SUPPLIED MATERIAL ::
- Opening Delimiter -
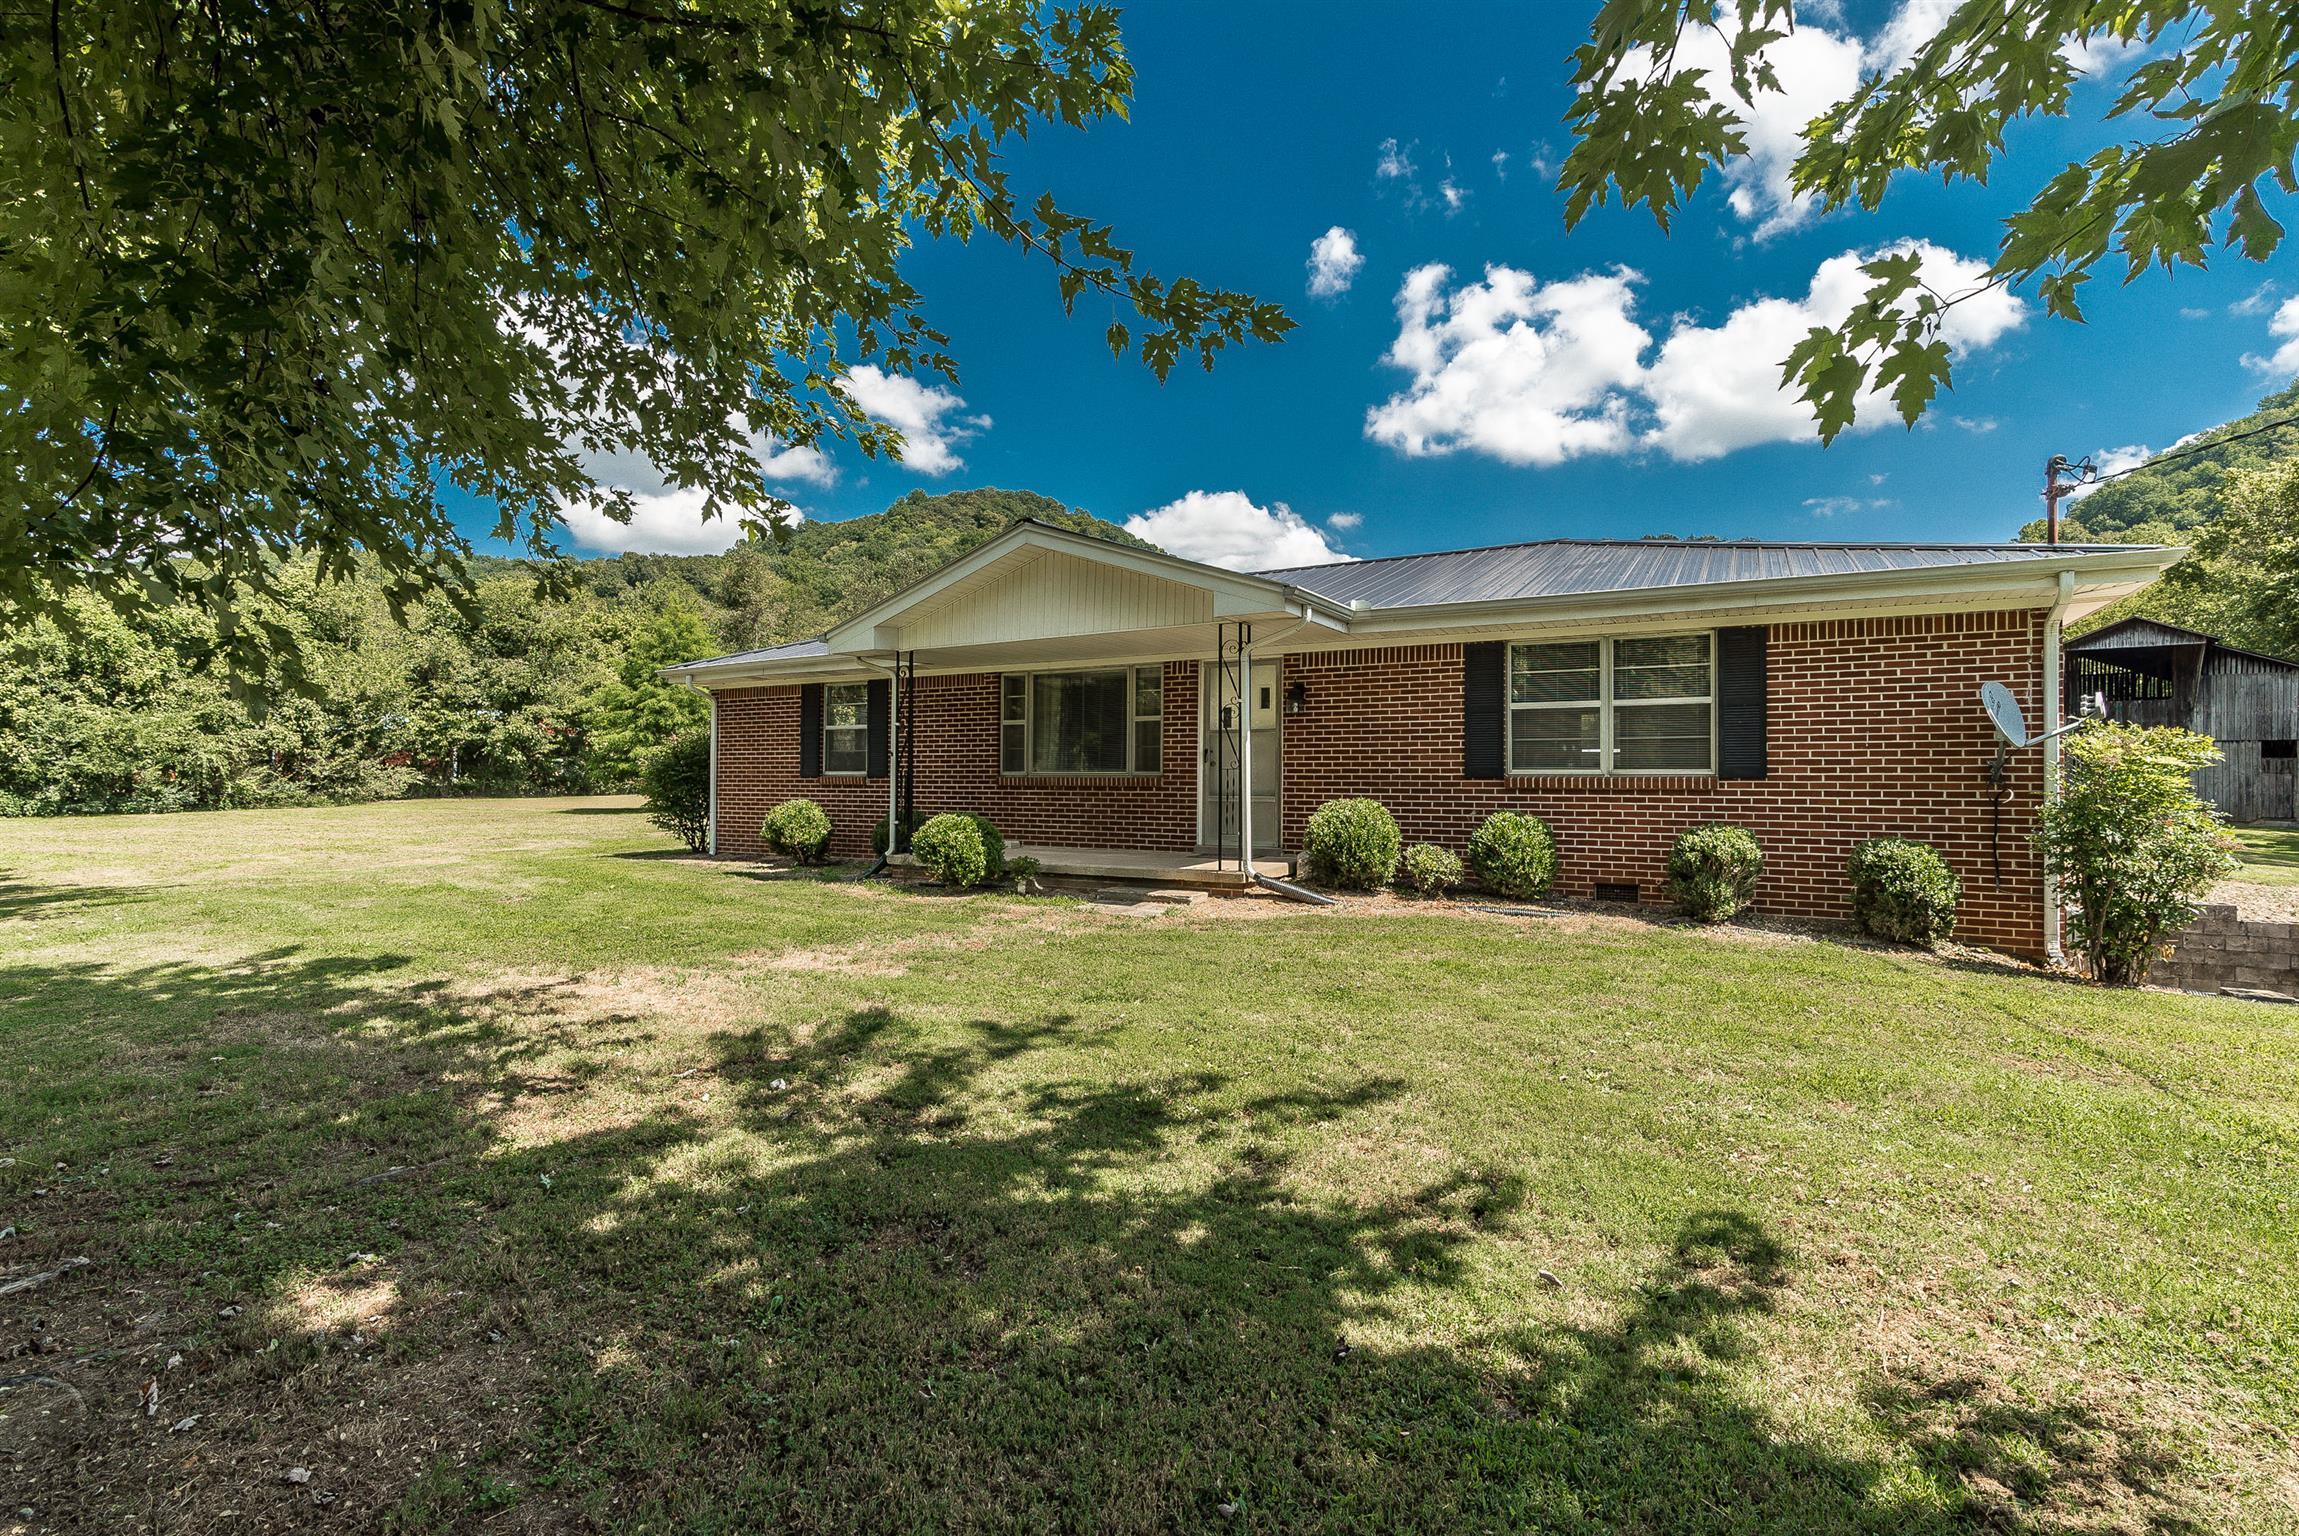 810 Dog Branch Rd, Dixon Springs, TN 37057 - Dixon Springs, TN real estate listing
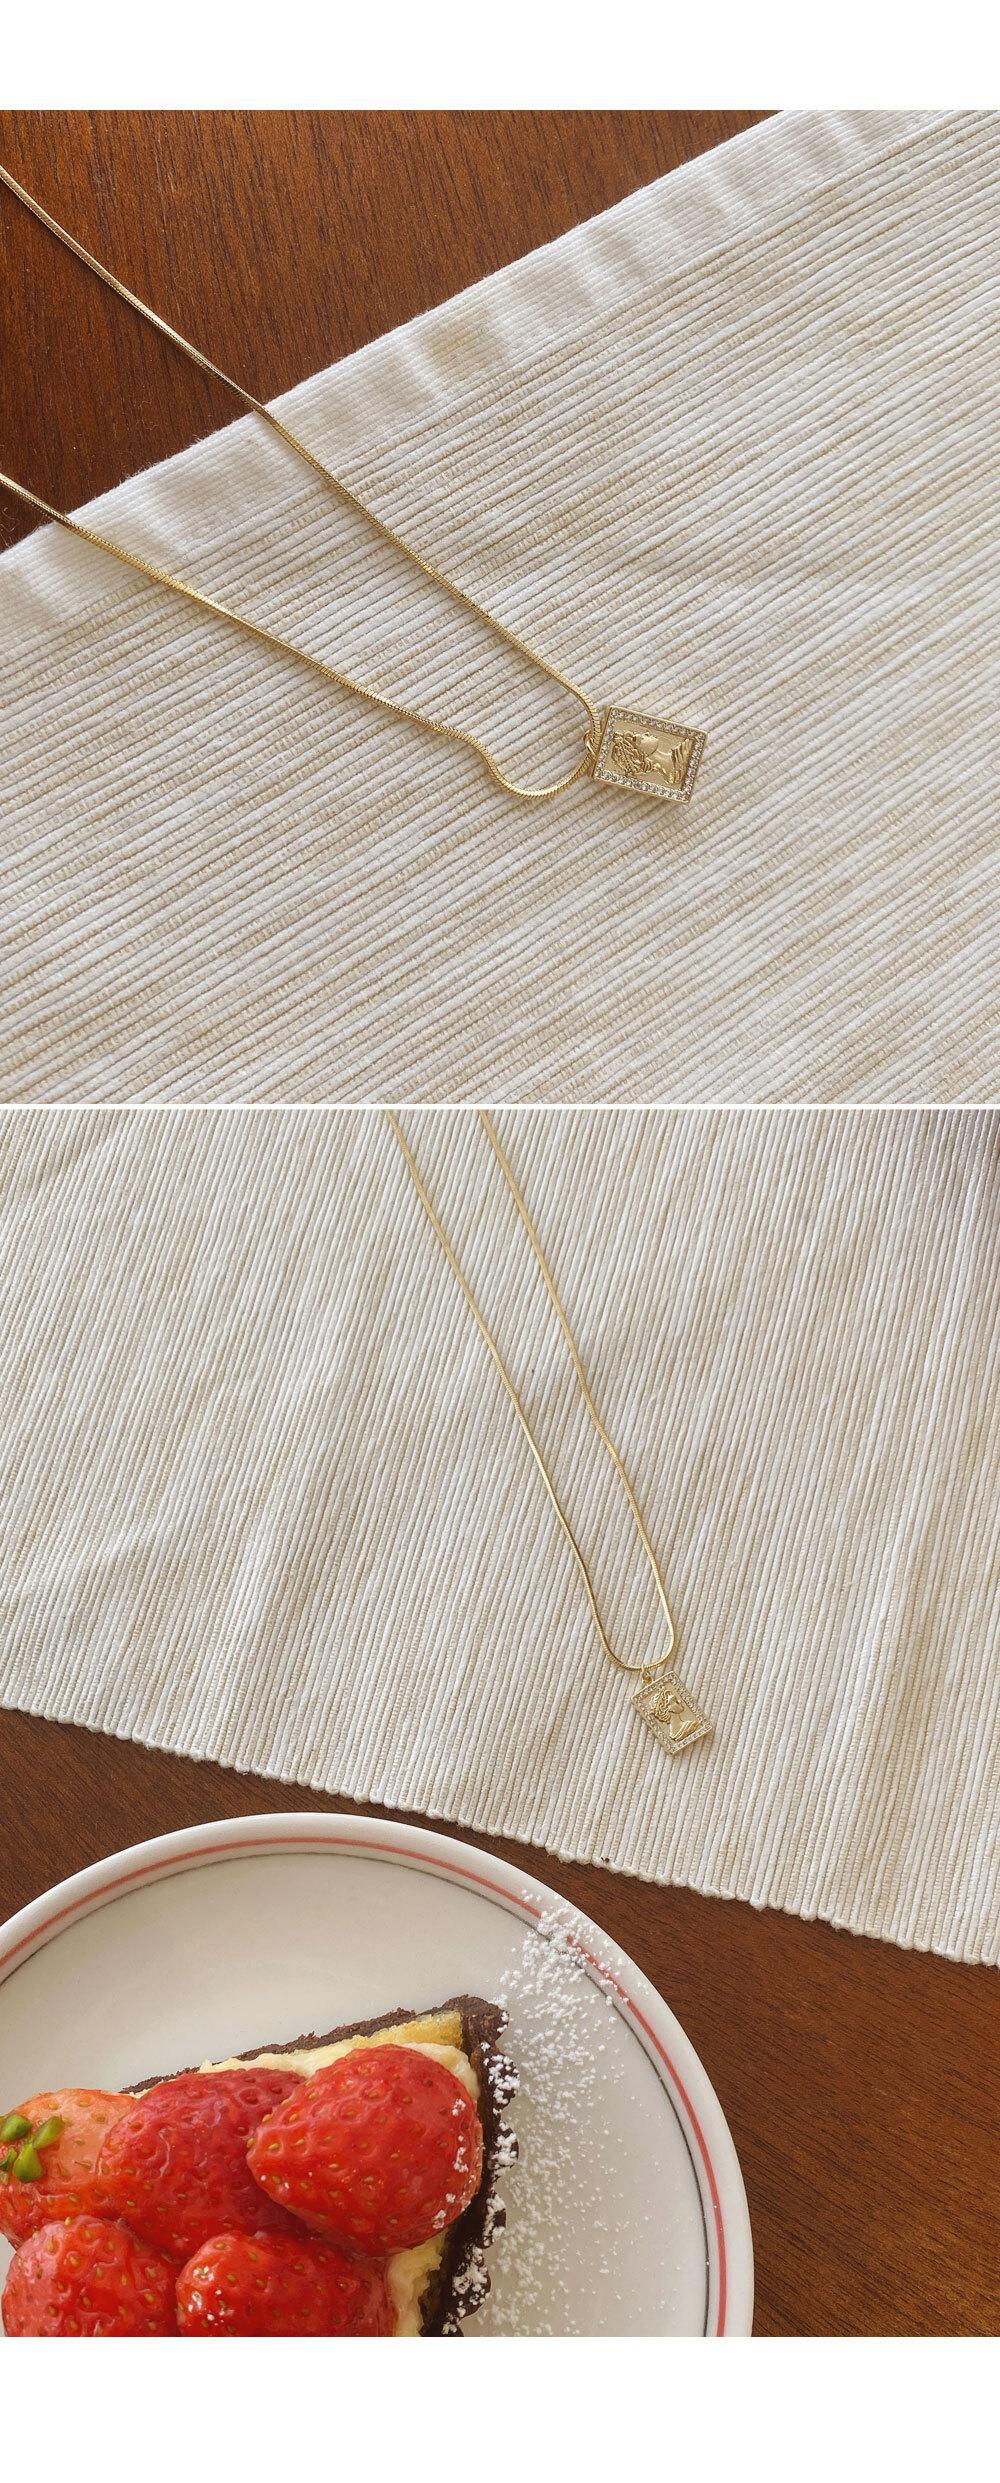 Luxurious pendant necklace
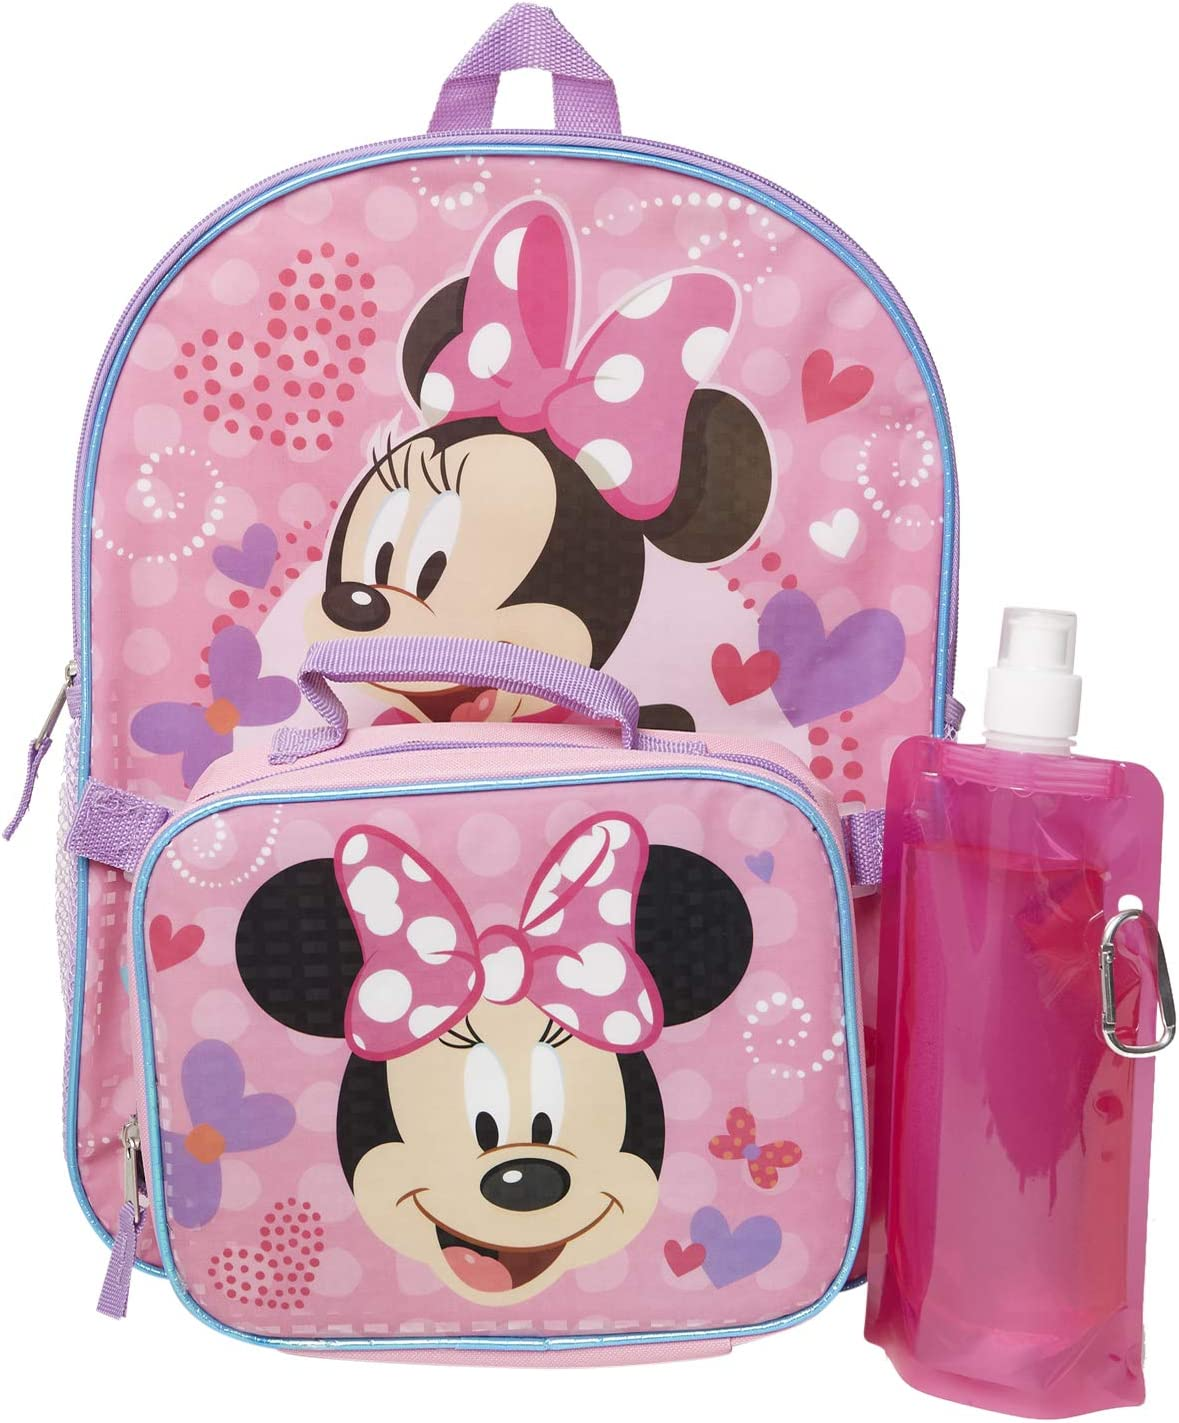 DISNEY PRINCESS MINNIE MOUSE GIRLS CARTOON SCHOOL NURSERY BAG BACKPACK LUNCH BAG
- Closing Delimiter -
WORK ITEM :: A verbatim transcription of the listing is expected, with no pictures included.

TASK SOLUTION ::
 810 Dog Branch Rd, Dixon Springs, TN 37057 - Dixon Springs, TN real estate listing
 Luxurious pendant necklace
 DISNEY PRINCESS MINNIE MOUSE GIRLS CARTOON SCHOOL NURSERY BAG BACKPACK LUNCH BAG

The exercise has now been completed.